1) You need to measure the half-life of some random element. What instruments do you need? What values you need to measure? What results you will probably get?
2) You need to check the radioactivity for some random objects. What instruments do you need? What values you need to measure? What results you will probably get?
3) Why can't we use the radioactivity decay law (probably meant the one that shows how many atoms decay in time) with small number of atoms?
4) About carbon-14 dating. It is said that 1 gram of a random bone has 2 decays in a minute. Normal bone has 16 decays per minute.
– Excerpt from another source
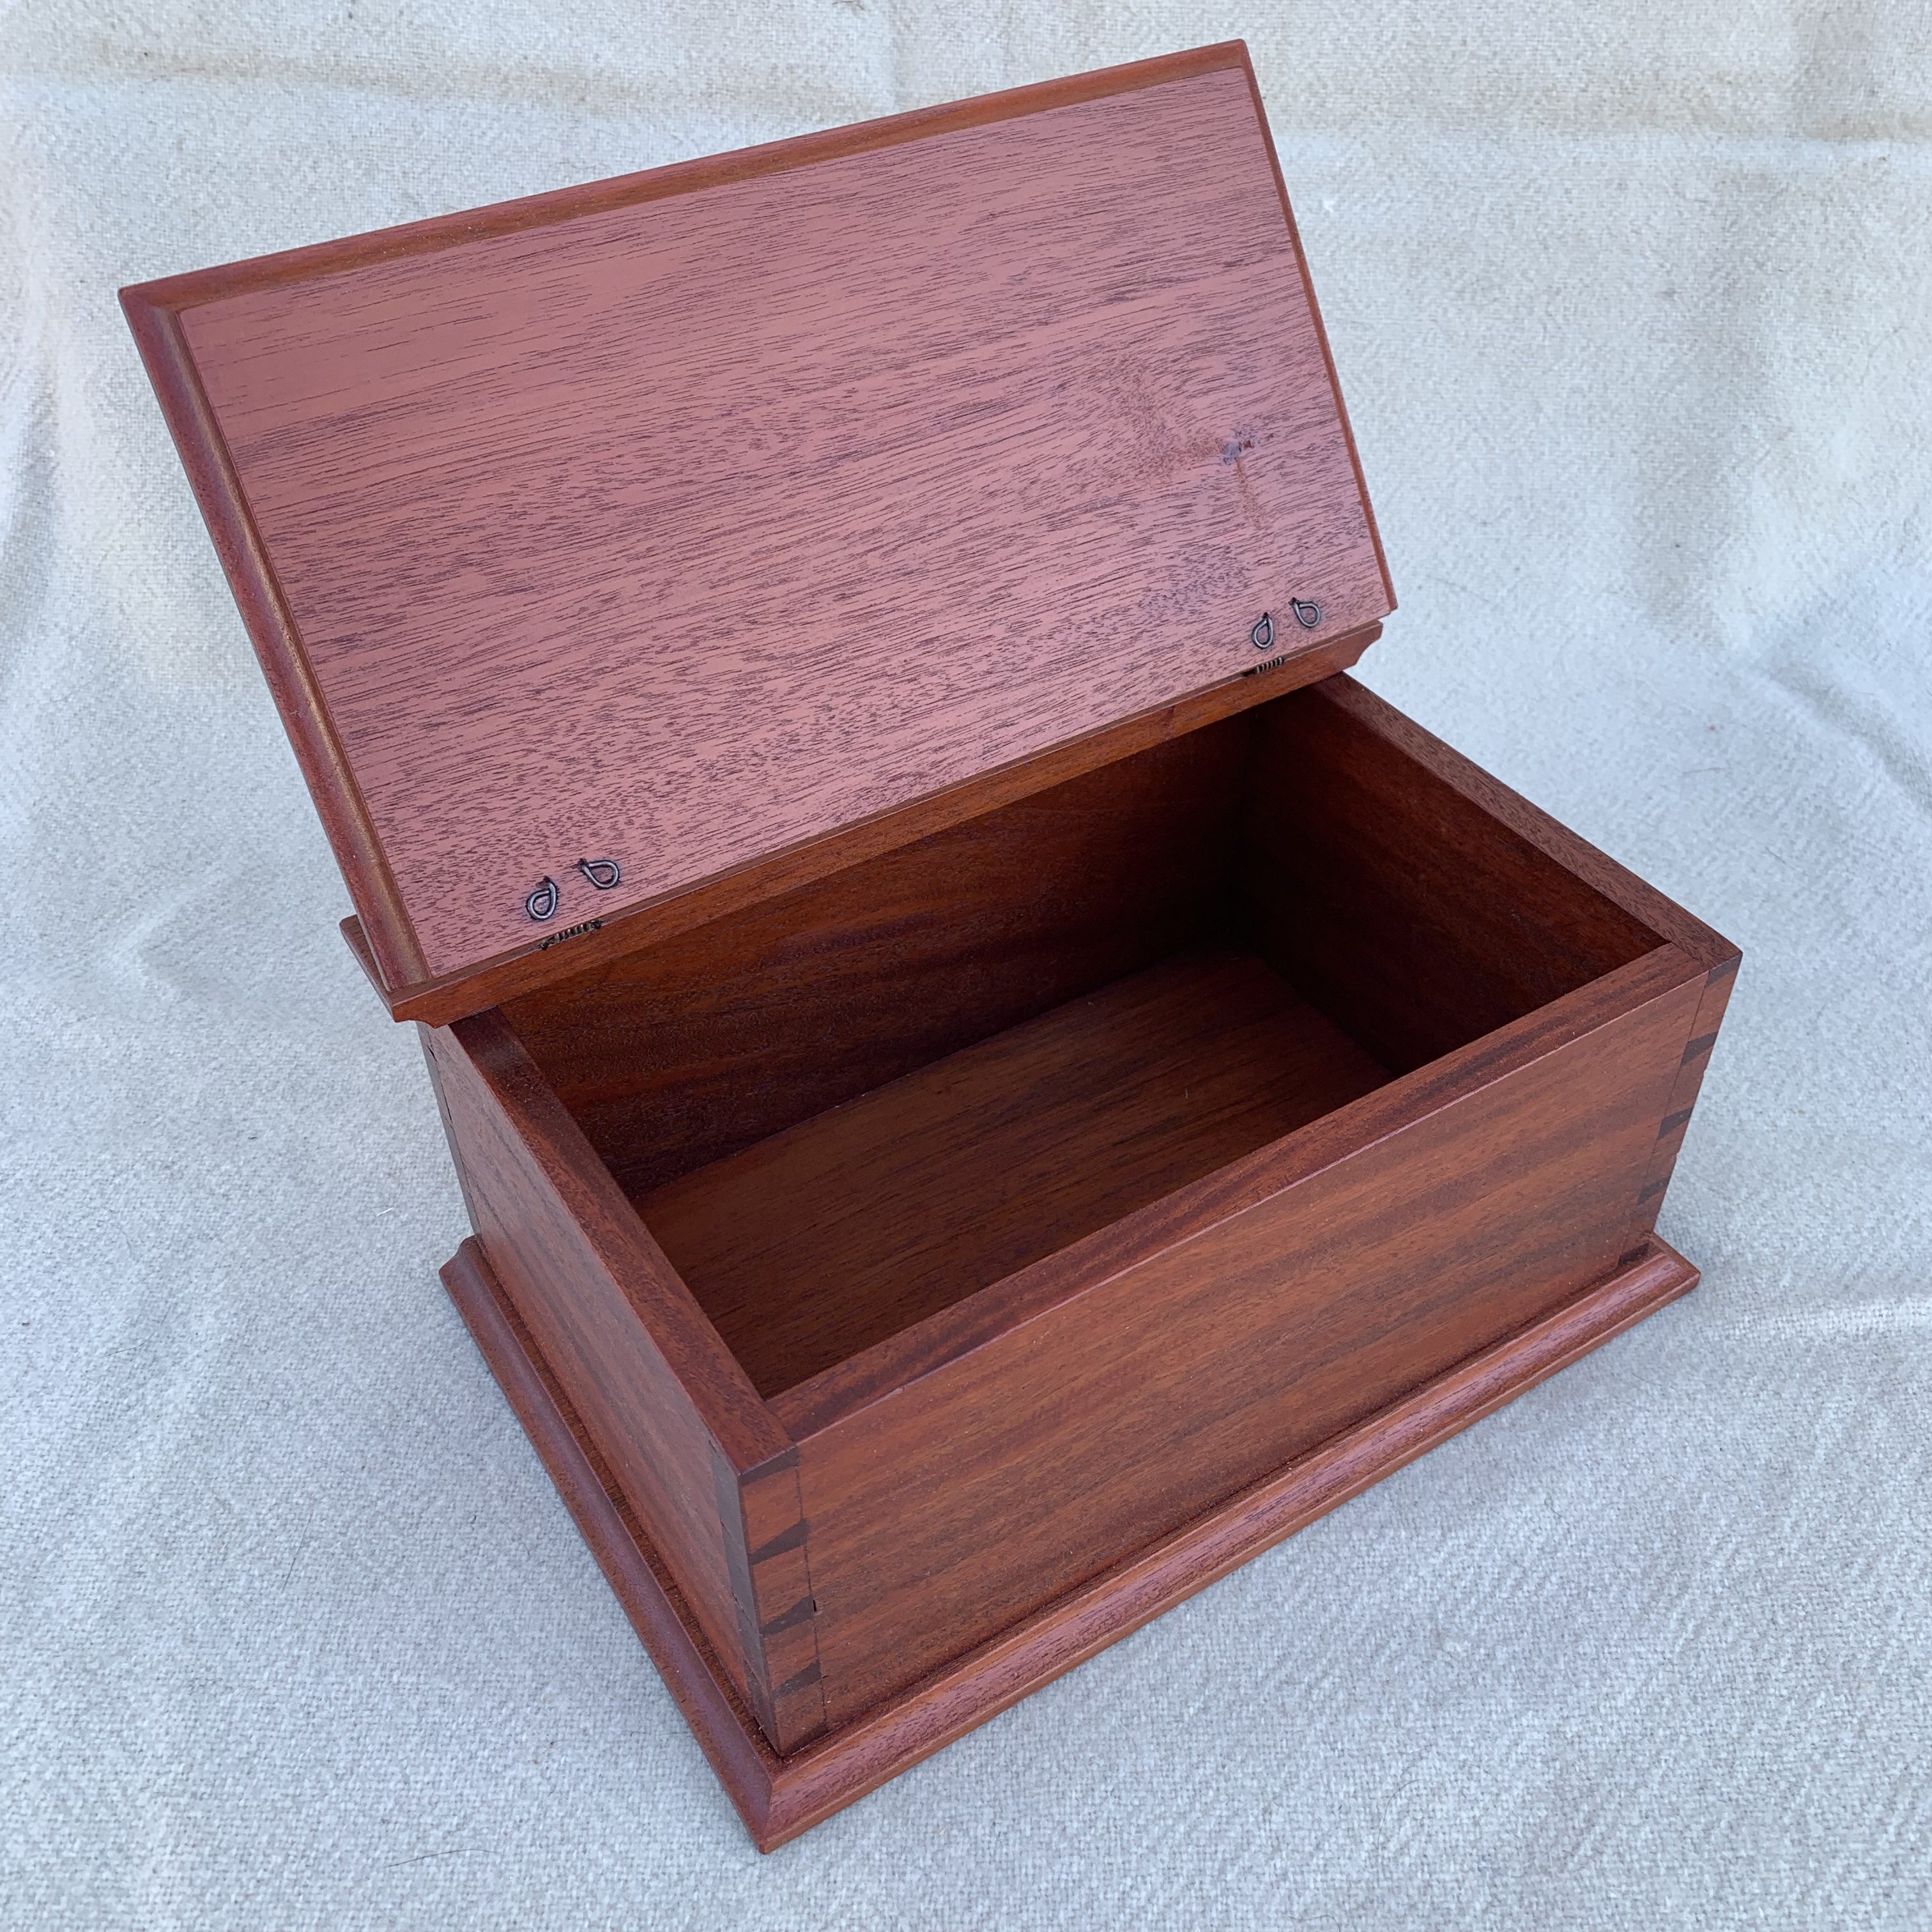 Mahogany table box interior

What is the age of the bone?

1) I think of using very precise scales. Measure mass and wait until half of the mass is gone. So I simply need to measure mass and time. I will most probably get only aprox. results, because scales won't measure 1 or 2 atom mass.
2) I thinking to use greiger counter. If the meter makes sound more rapidly, then material is more radioactive. I will probably get also aprox. results because I need isolated room, because other objects in the room could give scintillations.
3) If my method using scales to measure half-life, then the problem also be with the precision of scales, few atoms could be missed, but a ton of atoms won't be missed so easily.
4) Here I actually don't know what to do. I thought to calculate how many atoms are in 1 gram of carbon-14 and then use some equation I found in my book - N=N(0) * e^(ln2*t/T)
N will be N(0) - 2 and N(0) will be atoms in 1 gram and t will be the time, also T is a constant (not given, but maybe I should know it anyway), book says T is 5730 years. But this leaves out data about normal bone, so probably I'm thinking wrong :(

P.S. I hope my post won't be deleted because I didn't use the template.
 
1. This is incorrect. When the element decomposes, it will decompose into another (stable) element. The masses of the two will be very close together with the difference being a couple of alpha or beta particles. This means, that your mass will remain almost constant, so you will never have the mass reduce by half.

2. Specifically, you would need to measure the alpha, beta and gamma particles emitted. I think you're right about a greiger counter, but perhaps your professor is looking for a more precise answer.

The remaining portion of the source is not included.